Append or prepend a `?`

to an object’s name for quick reference.

```
object_name?
?object_name
```

For more extensive help, use double question marks `??`

```
object_name??
??object_name
```

```
?print
```

For quick access to a function’s docstring, place the cursor inside the function’s parentheses and press `Shift + Tab`

.

```
list()
```

Use the “Help” menu in Jupyter Notebook’s toolbar. It provides links to documentation for Jupyter, IPython, NumPy, Pandas, Matplotlib, and other libraries.

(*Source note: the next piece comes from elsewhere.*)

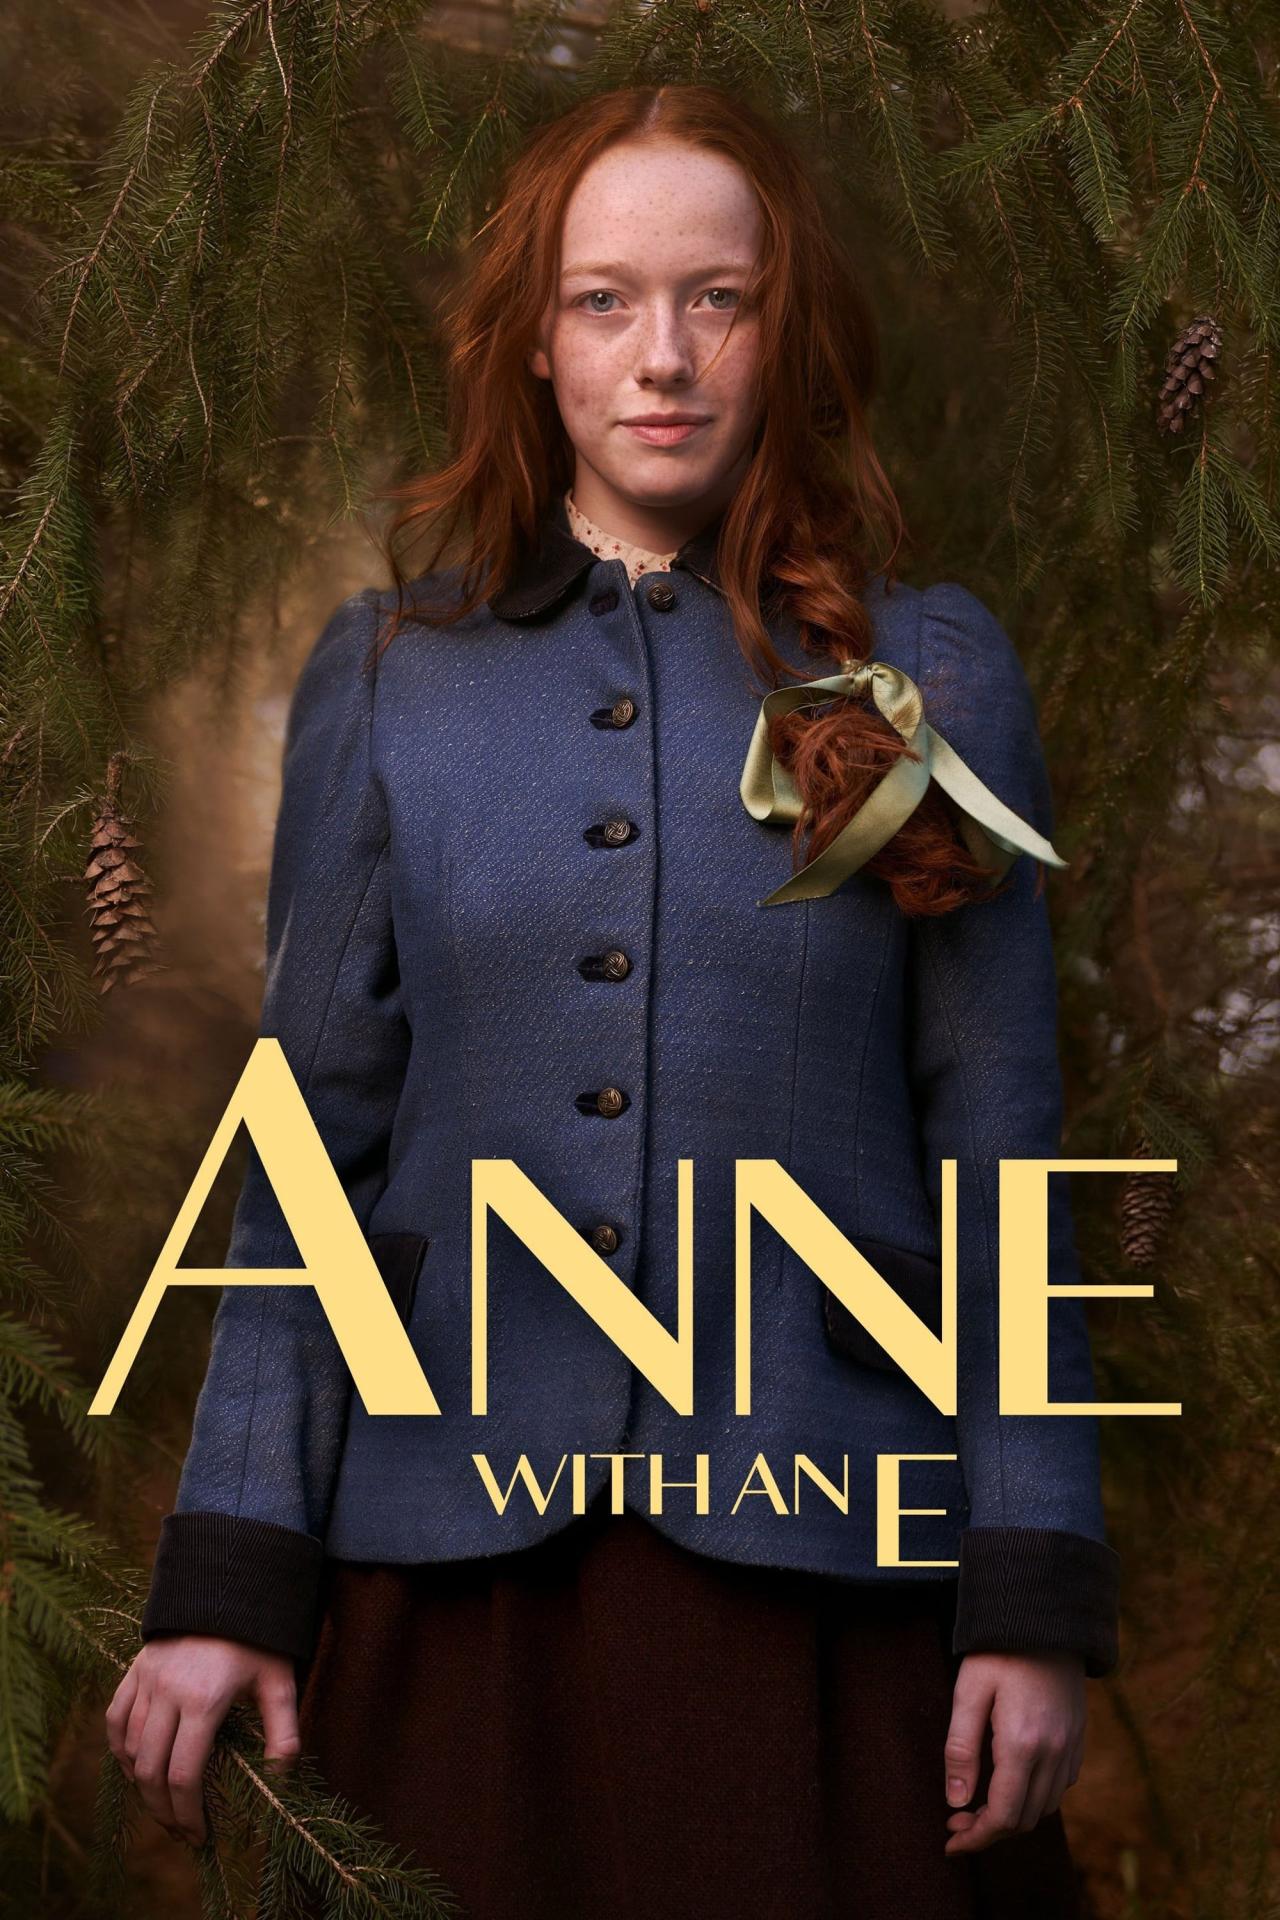 Affiche de la série Anne with an E poster

Search for help and documentation online by opening a new browser tab.

To get information on the Pandas `DataFrame`

function, use:

```
help(pd.DataFrame)
```

**General Python Programming:**

**Data Types in Python:**

- Python Built-in Types — Official documentation on Python’s built-in data types, including numeric, character (string), and boolean.

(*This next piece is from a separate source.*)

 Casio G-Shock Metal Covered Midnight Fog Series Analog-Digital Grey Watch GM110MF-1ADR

**Data Structures in Python:**

- Python Data Structures — Overview of Python’s core data structures, with examples and usage instructions.

**NumPy Library and Arrays:**

- NumPy Official Website
- NumPy Documentation — Comprehensive documentation, including details on NumPy arrays and their operations.

**Pandas Library, Series, and DataFrame:**

- Pandas Official Website
- Pandas Documentation — Detailed documentation covering various functionalities, including Series and DataFrame creation and manipulation.

- Python Basics: Data Types — A basic tutorial on using various data types in Python.
- NumPy Quickstart Tutorial — A beginner-friendly introduction to NumPy arrays and operations.
- 10 Minutes to Pandas — A quick, 10-minute guide to getting started with Pandas, including examples of creating and working with Series and DataFrames.

Before using any package or library, it is advisable to consult the official documentation to understand its functionalities, capabilities, and usage conventions. The official documentation is the most reliable and up-to-date source of information for Python and its libraries.